▶ _Given data_:
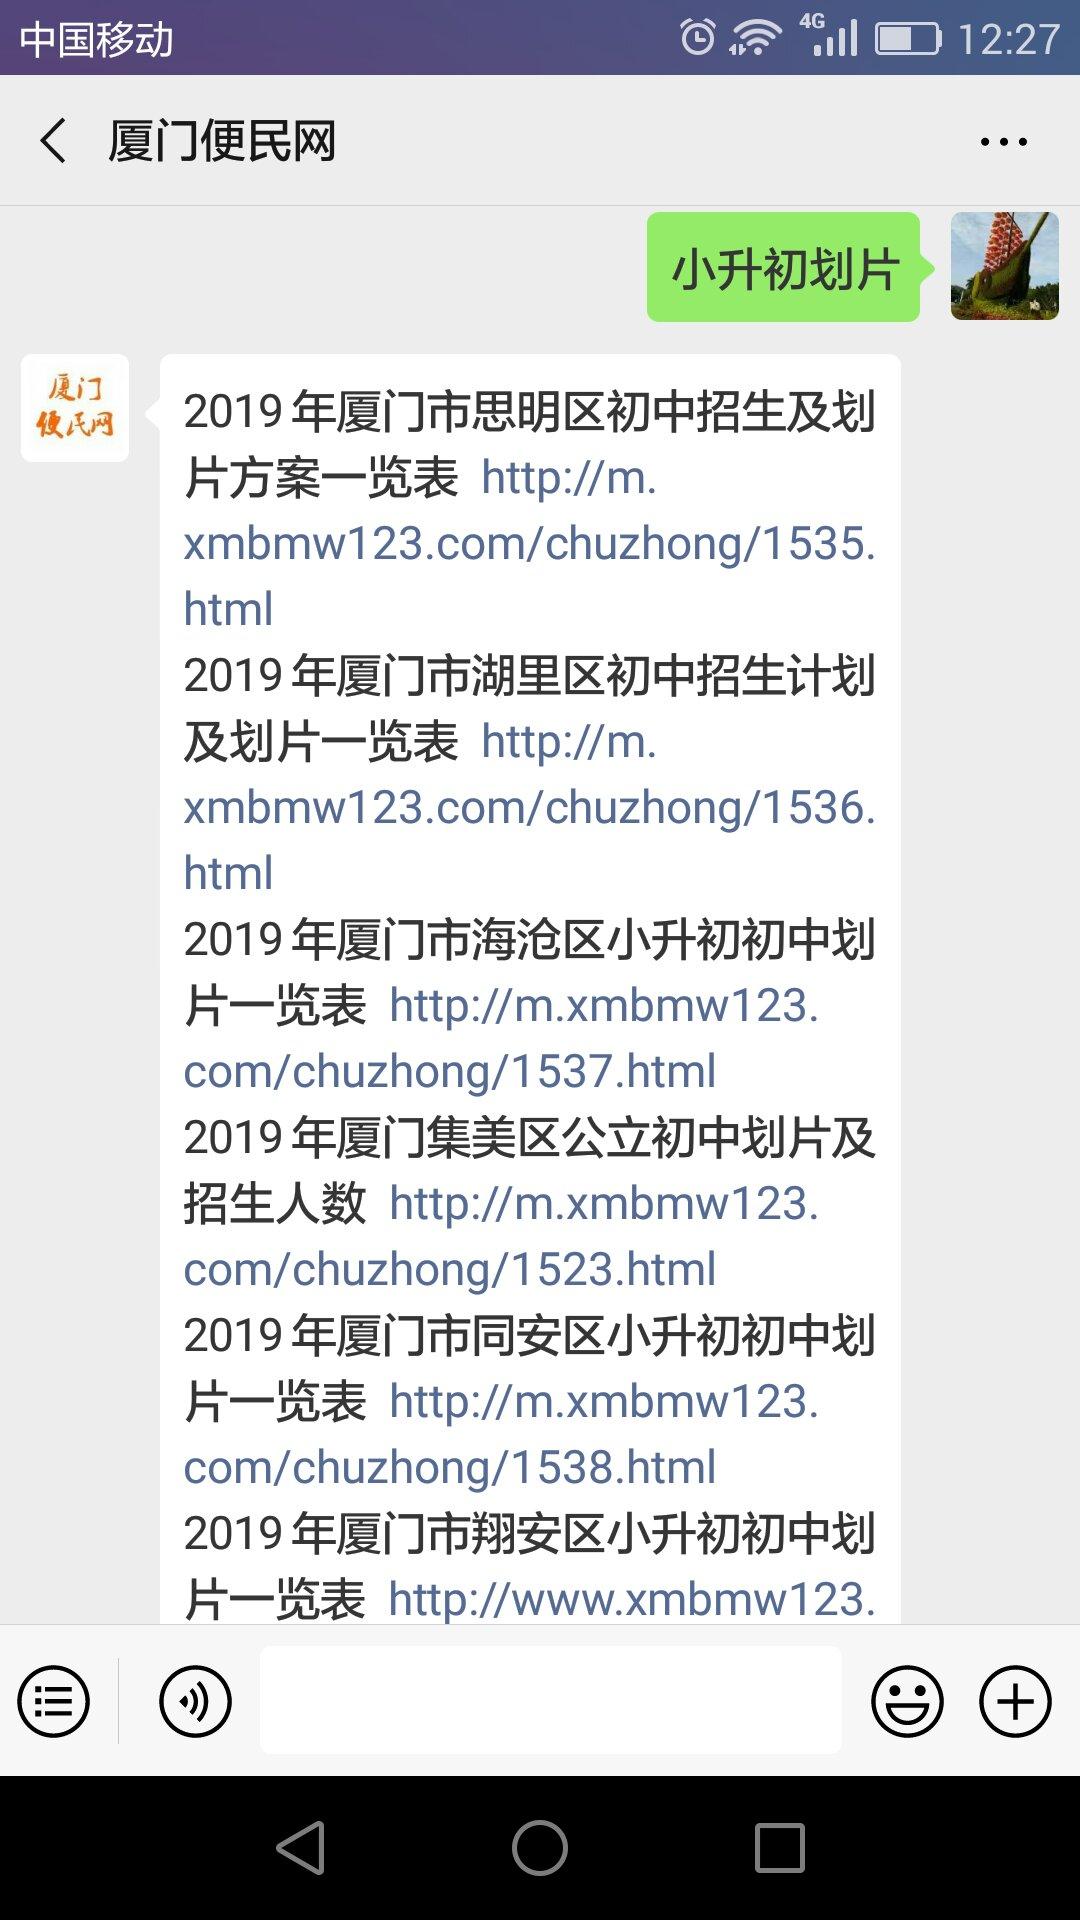 chuzhonghuapian.jpg
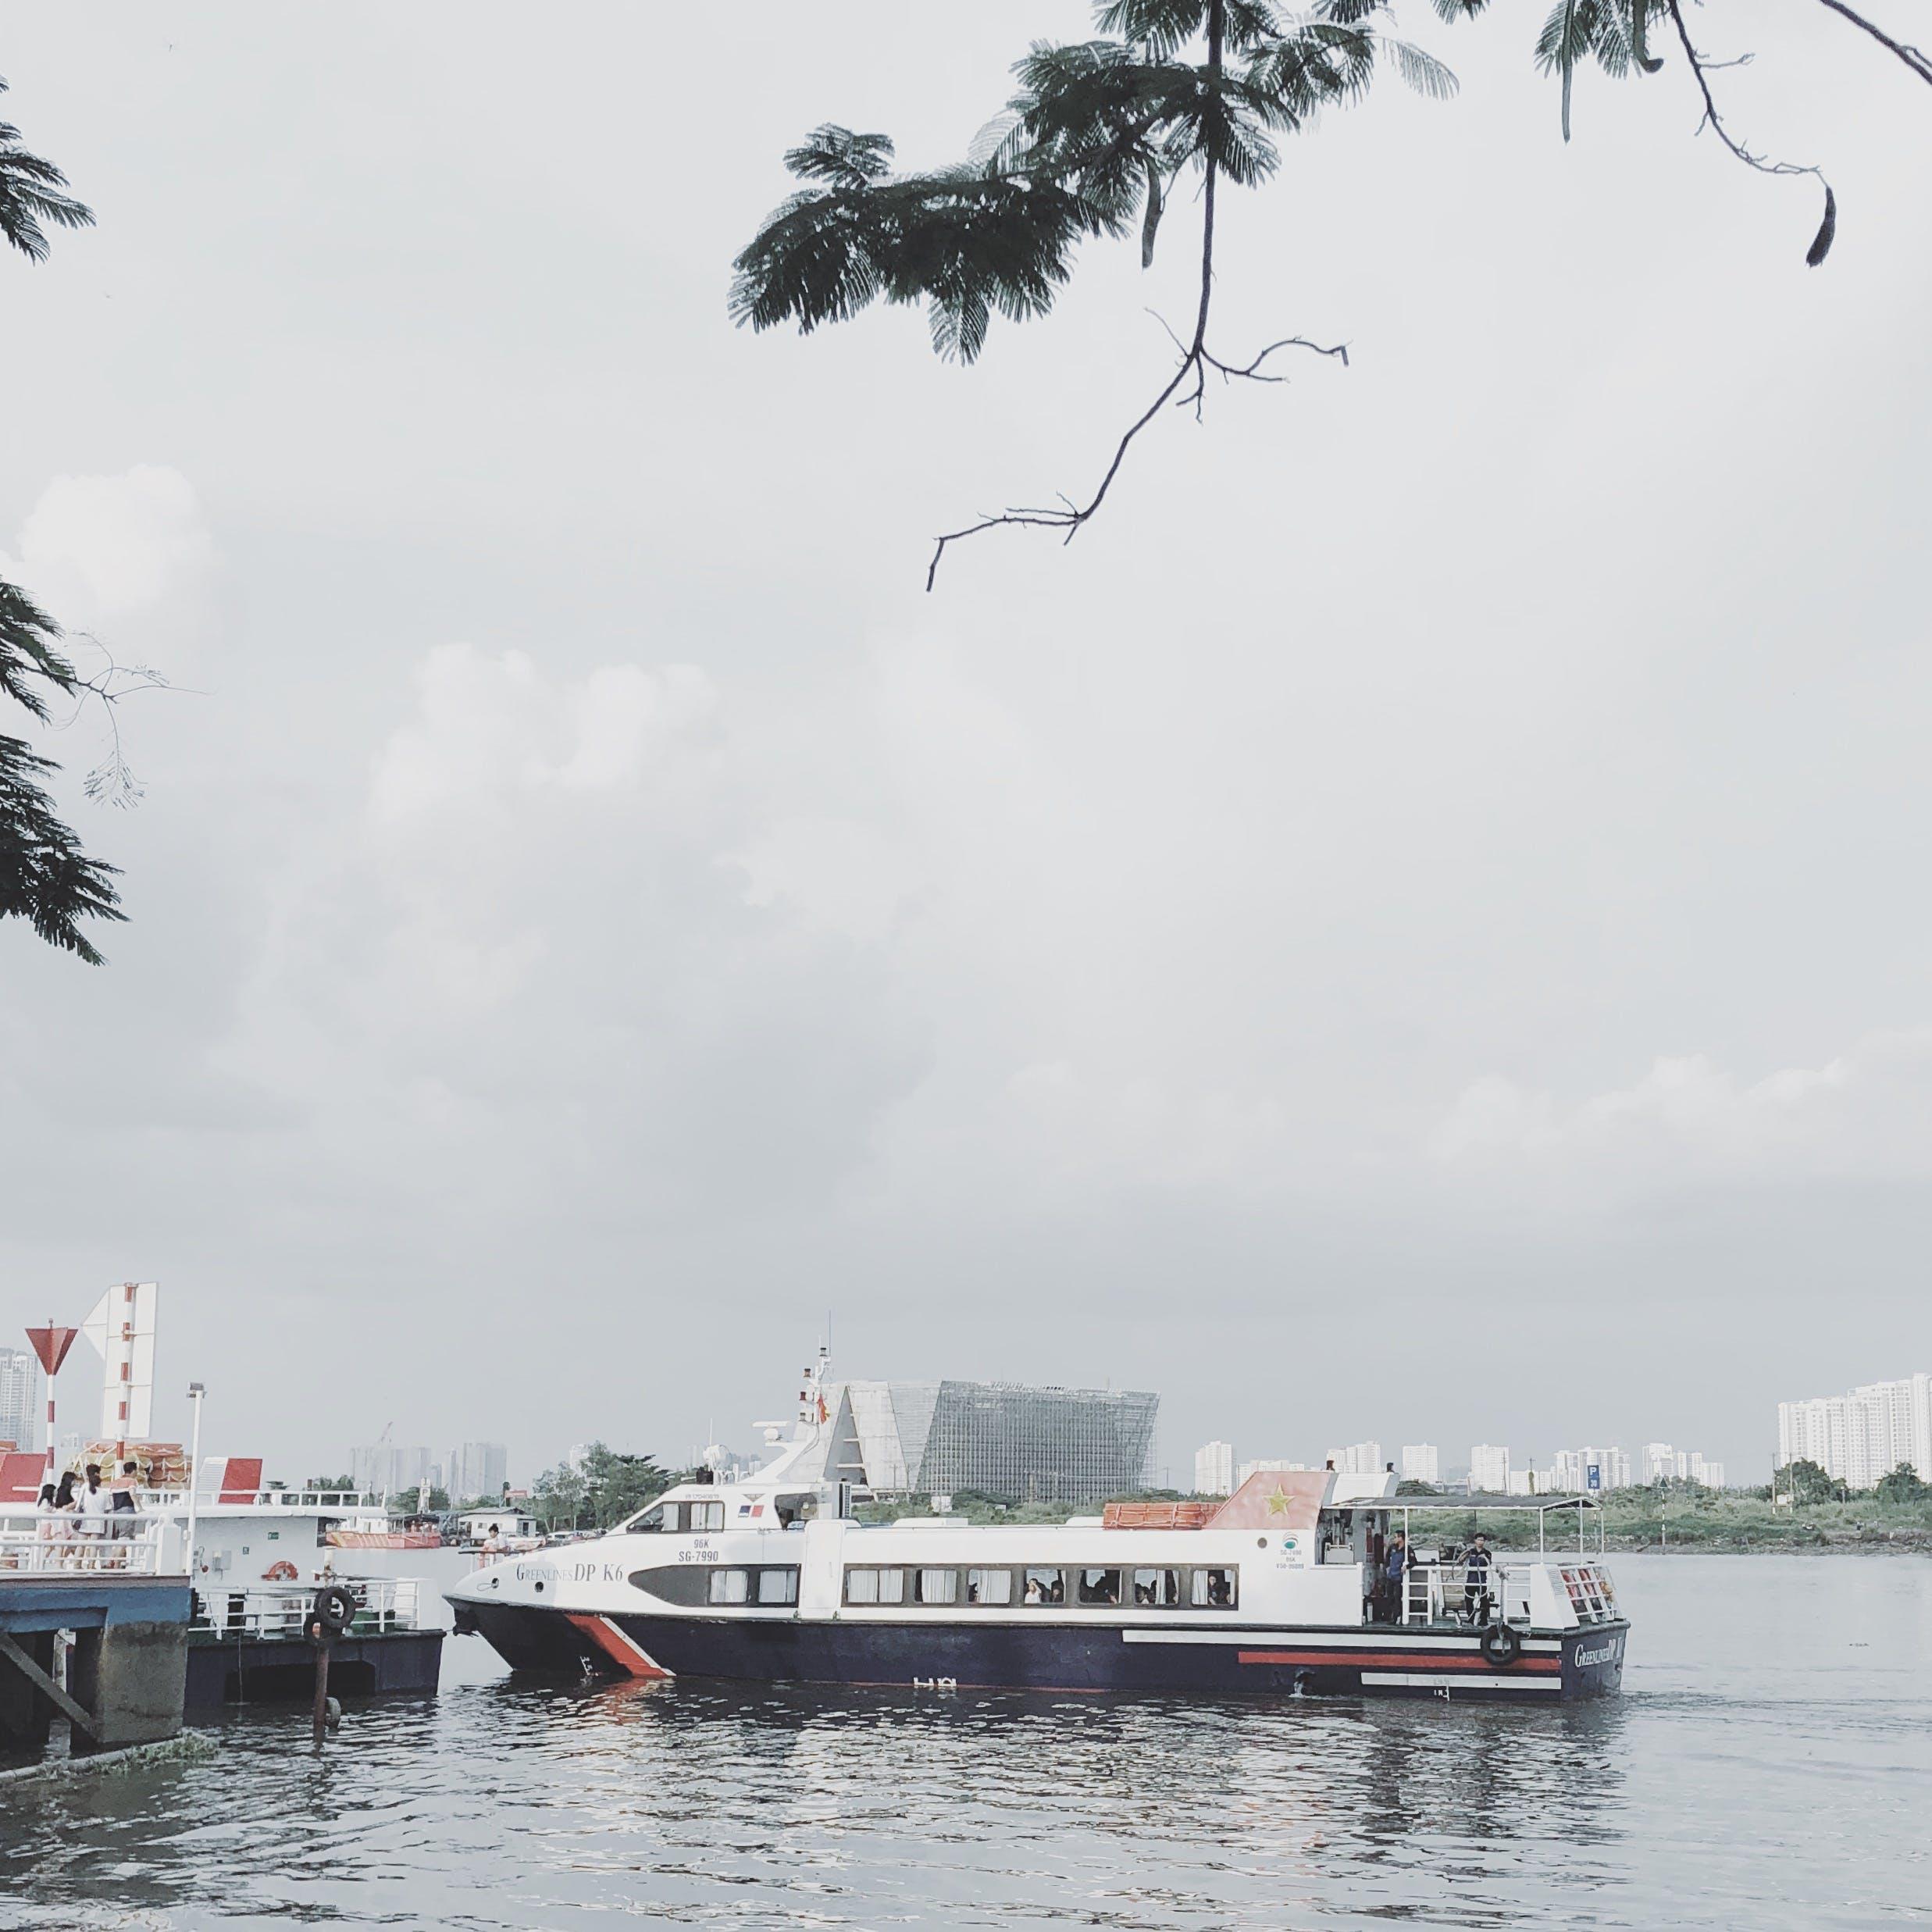 Δωρεάν στοκ φωτογραφιών με βάρκα, γέφυρα, επιστρέφω, επιστρέφοντας, ουρανός
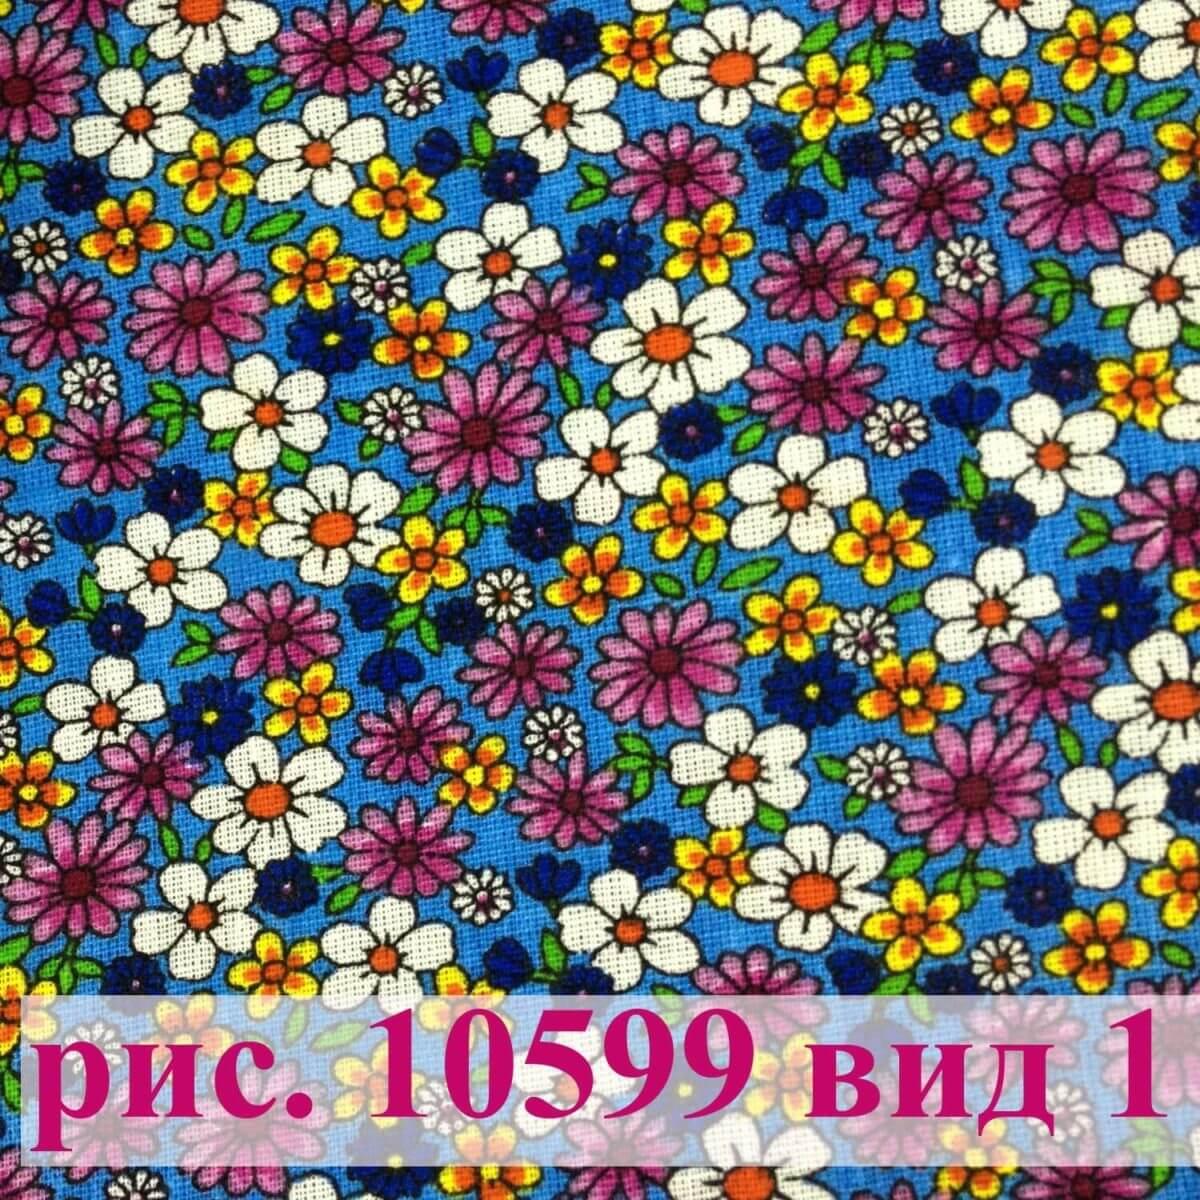 Фото 13 - Плательная ткань бязь 150 см (10599/4).

▶ _Exercise requirements_: Take the listing above and retype it exactly. Its pictures are to be omitted.

▶ _Expected answer_:
 chuzhonghuapian.jpg
 Δωρεάν στοκ φωτογραφιών με βάρκα, γέφυρα, επιστρέφω, επιστρέφοντας, ουρανός
 Фото 13 - Плательная ткань бязь 150 см (10599/4).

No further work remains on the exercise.